Figure 14 illustrates the PSNR transition for each frame in the 3-fps data set. The orange line in Fig. 14 represents PSNR values for the prediction frames compared with the ground truth. Conversely, the blue line indicates the PSNR values for the current frames compared with the ground truth. The prediction frames achieve higher PSNR (average 33.5 dB) compared to the current frames (average 23.7 dB). Notably, the higher PSNR values in the blue line correspond to situations when the arm has come to a stop position in the swing motion (see frames 0007 and 0010 in Fig. 13).

Fig. 14  PSNR for current and prediction frames (3-fps dataset).

5.  Evaluation of Remote Monitoring System with Video Prediction

5.1  Processing Time of Video Monitoring System

The remote monitoring system with video prediction in Fig. 10 is evaluated by using live input from USB camera is to assess the object-to-display latency. The object-to-display latency corresponds to the latency from T0 to T7 in Fig. 10. We also use the robot arm shown in Fig. 12 as the object for measuring the object-to-display latency. The USB camera is installed in the same arrangement as during the capture of training datasets. The frame rates of the input are controlled at 3 fps, 3.75 fps, 5 fps, 6 fps, and 10 fps. Prediction models trained by 3-fps, 3.75-fps, 5-fps, 6-fps, and 10-fps datasets are selected to match the respective input frame rates.

Average process times from T1 to T6 are illustrated in Fig. 15. The time data from T1 to T6 corresponds to Fig. 10 and represent the average of 100 samples from the log file of the client program. T1 and T2 values are embedded in packet data from the server and transferred to the client. The total process times, including both the server and the client, are less than 160 ms for each input video rate. The major portions of the processing time correspond to video capture and encoding (T1-T2) of the server and prediction (T4-T5) of the client. The process time for packet transfer (T2-T3) increases with the frame rate. The client’s processing time, measured from T2 to T6 for the 10 fps video input, is calculated as an average of 99.0 ms that is shorter than the frame interval of 10 fps videos. Based on these results, it can be concluded that this prototype system is capable of real-time processing for video inputs up to 10 fps.

Fig. 15  Processing time for video monitoring using prediction.

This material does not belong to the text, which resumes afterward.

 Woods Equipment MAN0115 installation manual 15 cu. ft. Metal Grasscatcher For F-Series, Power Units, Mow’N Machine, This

In Fig. 15, some intervals exhibit variation across the five input video rates. The mean and standard deviation (SD) of the processing times for (T1-T2), (T2-T3), and (T4-T5) are shown in Table 3. The (T1-T2) interval represents the time from reading data from the USB camera to the end of encoding. It has been observed that the (T1-T2) varies over multiple trials, irrespective of the video rate. These variations are considered to be due to asynchronous time control between the camera and processing in the server. The (T2-T3) interval is thought to be affected by frame rates and fluctuations in network latency, which range up to 30 ms as observed using the ping command in Linux, between the server and the client. The (T4-T5) interval corresponds to video prediction processes, which exhibit large standard deviations as shown in Table 3, and the mean time may also vary. The variation in latency is caused by different conditions and needs to be adapted to in practical systems.

Table 3  Processing times for (T1-T2), (T2-T3) and (T4-T5).

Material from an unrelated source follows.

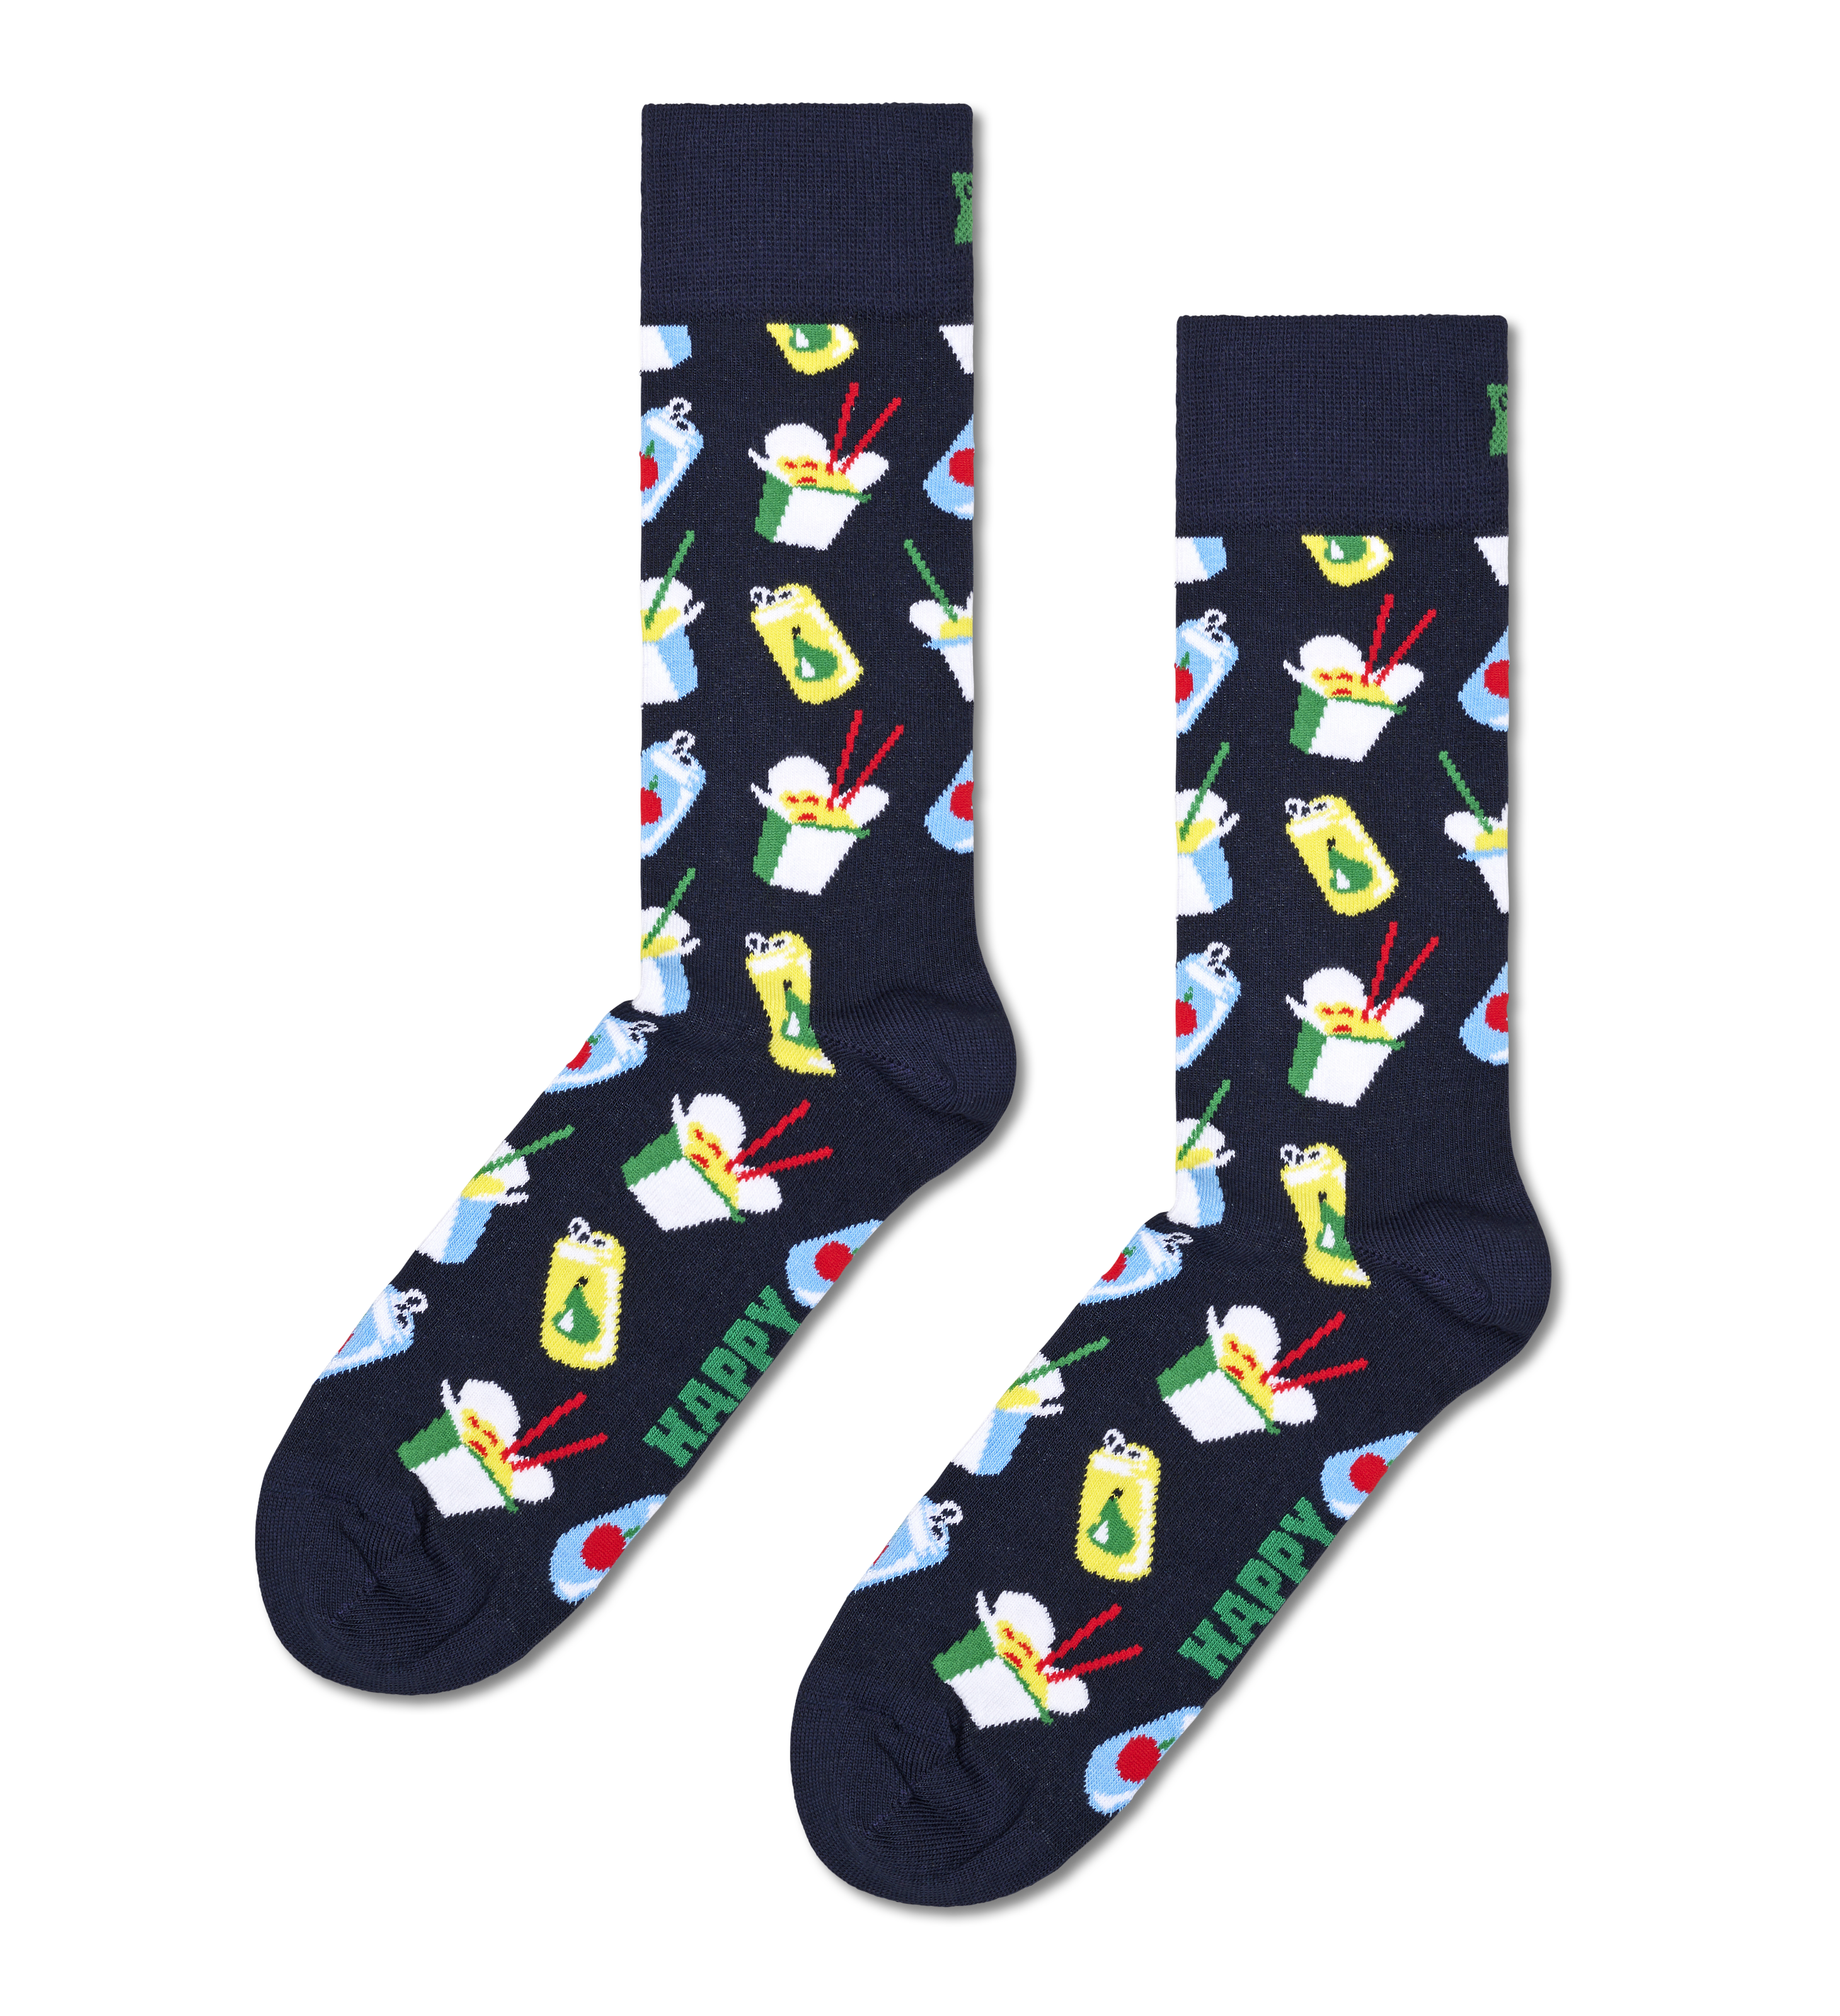  Happy Socks for Men and Women, 1 Pair, Colorful, Fun, Unique,  Food Themed Printed Patterns

5.2  Measurement of Object-to-Display Latency

To measure the total latency of remote video monitoring, analyzing data from T1 to T6 in Fig. 15 is not sufficient. The actual latency for an operator should be defined as object-to-display latency, corresponding to from T0 to T7 in Fig. 10, where the latencies of the camera (T0 to T1) and the display device (T6 to T7) are always unknown.

We employ an observation camera (GoPro HERO11, 30 fps) to measure the object-to-display latency. The client’s display device is positioned on the desk next to the object (robot arm), and the observation camera captures both areas, as depicted in Fig. 16(a). The object-to-display latency is determined by analyzing 30 fps frames from the observation camera and counting the frame numbers at the right turning point of the robot arm movement.

Fig. 16  Evaluation of object-to-display latency.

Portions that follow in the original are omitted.